– Да ну
нафиг такое счастье, – проронил я и прислонился спиной к прозрачной
дверце соседнего стеллажа, погрузившись в напряжённое размышление.
Если раньше все эти теории относительности и прочий груз научных
знаний были для меня просто забавными, никак не связанными с
повседневностью фактами, то сейчас нужно учитывать их на практике.
Вместе с серьёзными нюансами в голове всплыла старая как мир
шутка:
– А молоко
за вредность один к ста даётся?
– Страховка
и повышенная пенсия за моральный ущерб, – спокойно отозвался
Ренк.
– Так вы
идёте?
– Минутку,
пожалуйста, – произнес я, глядя в пол и тяжело дыша. В голове стоял
гул от усиленных попыток свести новую информацию в удобоваримый
формат.
Хреново
терять время жизни, которое и так не безлимитное. А с другой
стороны, один к пяти – ещё по-божески. Подумаешь, денёк потеряем.
На новогодних праздниках и не такое случается.
Я посмотрел
на потолок, где, по идее, должны были быть камеры наблюдения, через
которые за нами наблюдал зеленокожий инопланетный хакер.
– Требую
отгул в пропорции один к пяти, – заявил я.
– Вопросы
можно адресовать Грине, но я поставлю подпись на рапорте,
подтверждая, что имели место вредные темпоральные воздействия, –
отозвался Ренк.
Я хотел
выругаться покрепче, но глянул на девушку и сдержался, все же не
дикарь неотёсанный, а затем оттолкнулся от стекла и схватил тяжёлый
пулемёт.
– Чем можно
взорвать пол? – спросил я.
Ренк
промолчал, и инициатива перешла к Ёнке.
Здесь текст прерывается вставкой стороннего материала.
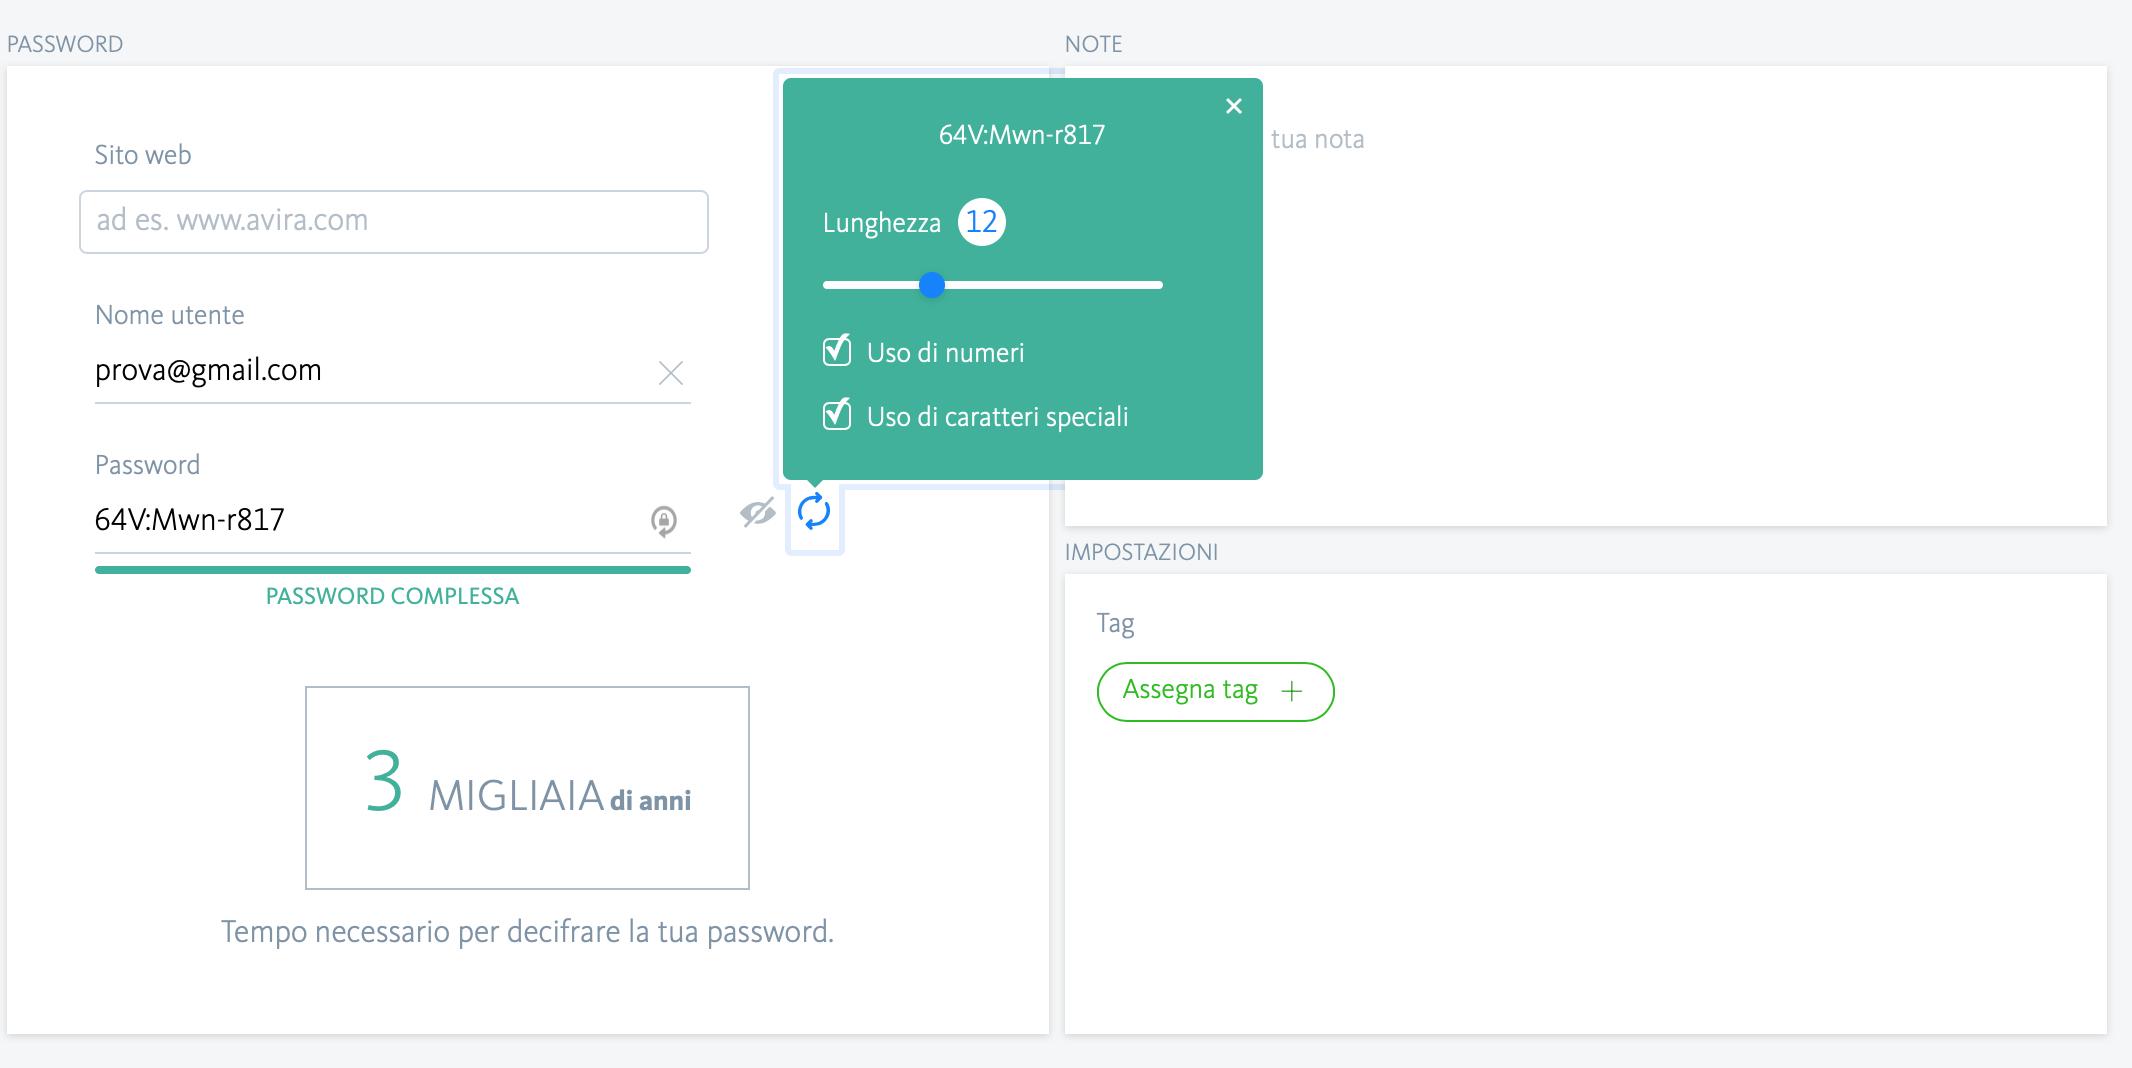 Recensione Avira Password Manager Pro, potete benissimo scordarvi tutte le password 1

Она пожала плечами и
указала на дальний стеллаж, где чернели большие диски, похожие на,
похожие противотанковые мины.
– Не надо
взрывать. Можно просто разрезать, но скажи, что ты задумал? –
спросила она.
– Ренк! –
закричал я на всю оружейную. – Можешь включить свой
звукоподавитель?!
Гуманоид не
ответил, но помещение захлестнул громкий белый шум, который казался
сейчас осязаемым, словно противная, как цемент на зубах, звуковая
пыль, и от которого сводило скулы. Я быстро подался вперёд и начал
объяснять девушке свою идею. Говорил много и долго, и чтобы быть
услышанным через пелену шума, пришлось говорить прямо в
ухо.
Когда
закончил и отступил назад, оказалось, что Ёнка вцепилась пальцами в
краешек кармана на моих штанах, стискивая её так, что костяшки
побелели. При этом губы девушки были поджаты, а широко распахнутые
глаза бегали по пустоте, словно ища пути отступления.